Get API key: https://platform.deepseek.com

## Models

Both models run DeepSeek-V3.2 with unified pricing. They are the same underlying model with different modes:
- deepseek-chat = V3.2 non-thinking mode
- deepseek-reasoner = V3.2 thinking mode (transparently routed as deepseek-chat + thinking:{type:"enabled"})

### deepseek-chat
- General conversations, coding, content generation
- Non-thinking mode by default. Can enable thinking via `thinking: {type: "enabled"}` parameter
- 128K context, 8K max output (default 4K), 64K max output when thinking enabled
- Supports thinking mode, JSON mode, function calling, FIM completion
- Pricing: $0.028/1M cache hit, $0.28/1M cache miss, $0.42/1M output

### deepseek-reasoner
- Complex reasoning, math, logic, multi-step tasks
- Transparently routed as deepseek-chat with thinking:{type:"enabled"}
- This enables full feature parity including function calling, which the raw deepseek-reasoner API does not support
- 128K context, 64K max output (default 32K)
- Supports JSON mode, function calling (via transparent routing)
- Pricing: $0.028/1M cache hit, $0.28/1M cache miss, $0.42/1M output

### Model Routing Table

| User selects | Sent to API | Thinking | reasoning_content | Function calling |
|---|---|---|---|---|
| deepseek-chat | deepseek-chat | Off | No | Yes |
| deepseek-chat + thinking:enabled | deepseek-chat + thinking | On | Yes | Yes |
| deepseek-reasoner | deepseek-chat + thinking | On | Yes | Yes |

## Tool: deepseek_chat

### Input Parameters

| Parameter | Type | Required | Default | Description |
|-----------|------|----------|---------|-------------|
| messages | Array<{role, content, tool_call_id?}> | Yes | - | Conversation messages. Roles: system, user, assistant, tool. Content can be string or array of content parts (text/image_url) when multimodal is enabled |
| model | "deepseek-chat" \| "deepseek-reasoner" | No | "deepseek-chat" | Model to use |
| temperature | number (0-2) | No | 1.0 | Sampling temperature.
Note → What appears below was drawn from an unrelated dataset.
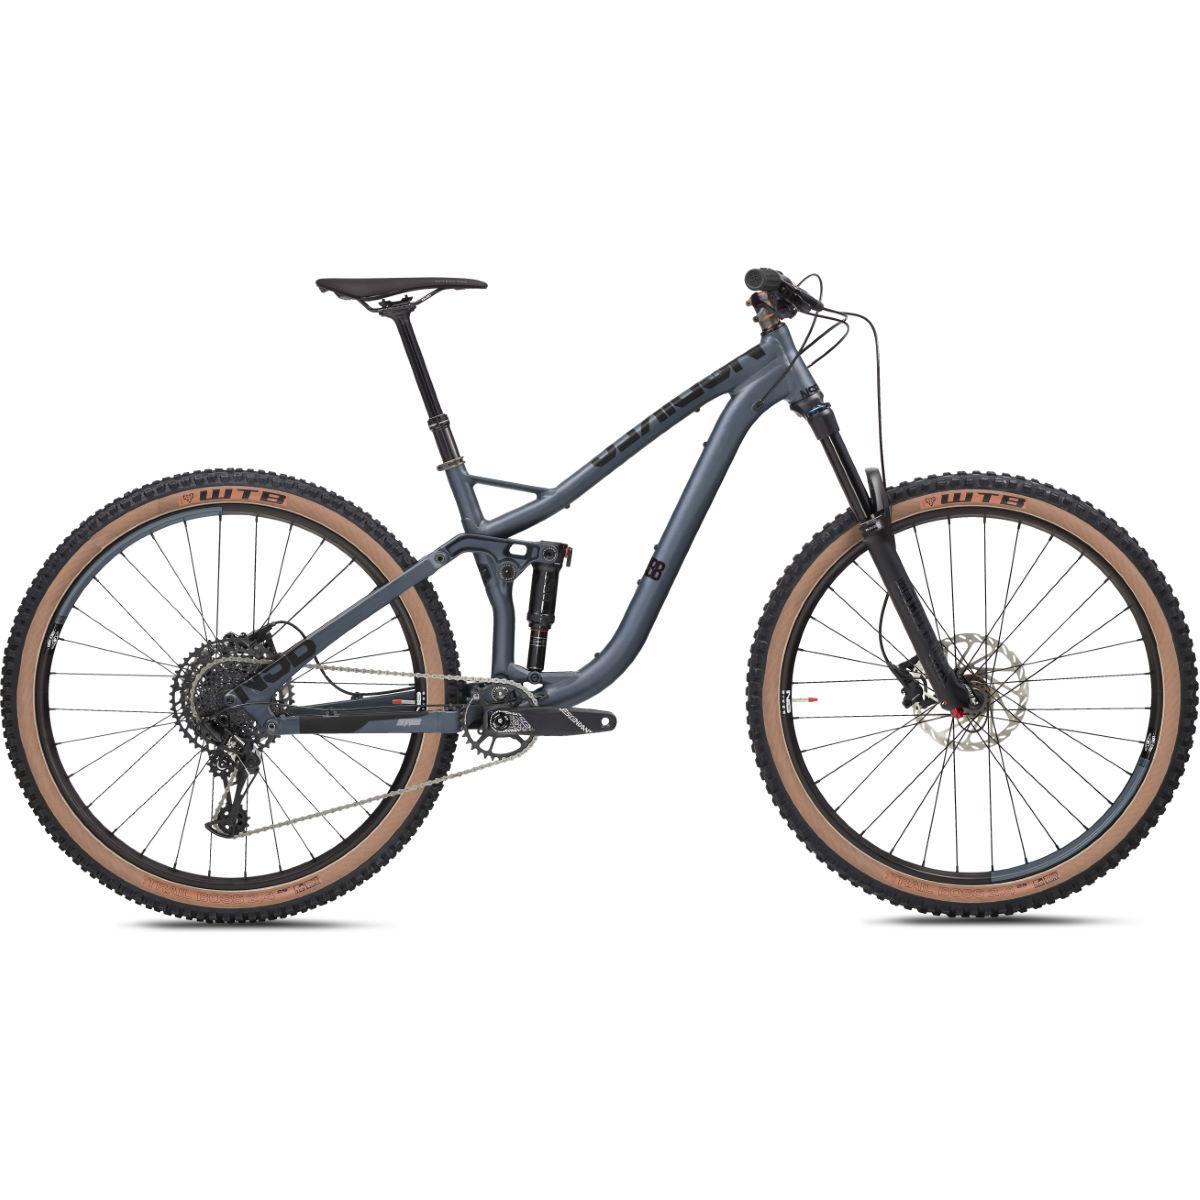 NS Bikes Snabb 150 2020 Full
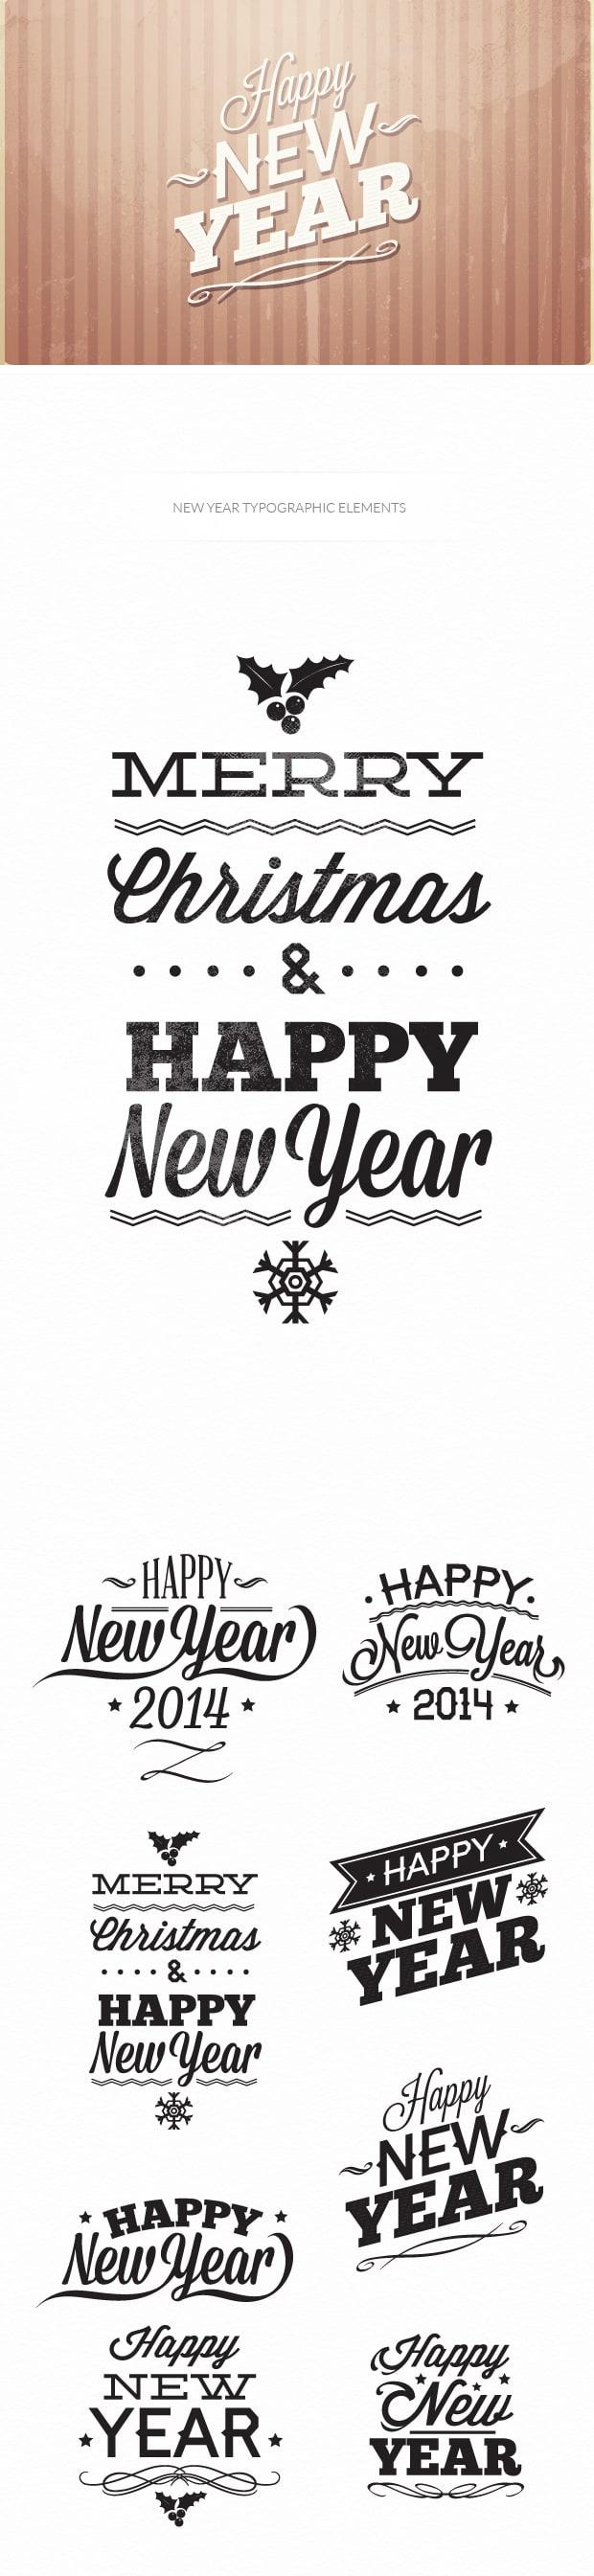 New year's eve typographic elements 6

Ignored when thinking enabled |
| max_tokens | number (1-65536) | No | model max | Max tokens: chat=8192, reasoner=65536. Both have 128K context |
| stream | boolean | No | false | Enable streaming mode |
| tools | Array<ToolDefinition> (max 128) | No | - | Function calling tool definitions |
| tool_choice | "auto" \| "none" \| "required" \| {type, function} | No | "auto" | Which tool to call |
| thinking | {type: "enabled" \| "disabled"} | No | - | Enable thinking mode |
| json_mode | boolean | No | false | Enable JSON output mode (supported by both models) |
| session_id | string | No | - | Session ID for multi-turn conversations |

### Multi-Turn Sessions

Use `session_id` to maintain conversation context across requests:

```json
// First request - creates session
{
  "messages": [{"role": "user", "content": "What is the capital of France?"}],
  "session_id": "my-session"
}

// Second request - previous context is automatically prepended
{
  "messages": [{"role": "user", "content": "What about Germany?"}],
  "session_id": "my-session"
}
```

Sessions are stored in memory. In STDIO transport they live for the lifetime of the server process. In HTTP transport each MCP session gets its own isolated SessionStore, so session_id values are scoped to the MCP session that created them and are not visible to other connected HTTP clients. Sessions expire after SESSION_TTL_MINUTES (default: 30). Omit session_id for stateless single-turn requests.

### Thinking Mode

There are two ways to enable thinking mode:

1. Select deepseek-reasoner (automatically routed as chat + thinking):
```json
{
  "messages": [{"role": "user", "content": "Analyze quicksort complexity"}],
  "model": "deepseek-reasoner"
}
```

2. Explicitly enable thinking on deepseek-chat:
```json
{
  "messages": [{"role": "user", "content": "Analyze quicksort complexity"}],
  "model": "deepseek-chat",
  "thinking": {"type": "enabled"}
}
```

Both produce identical results. When thinking is active, temperature/top_p/frequency_penalty/presence_penalty are automatically ignored. The response includes a reasoning_content field with the chain-of-thought.

### JSON Output Mode

Get structured JSON responses:

```json
{
  "messages": [{"role": "user", "content": "Return a json object with user data"}],
  "model": "deepseek-chat",
  "json_mode": true
}
```

Include the word "json" in your prompt for best results. Supported by both models.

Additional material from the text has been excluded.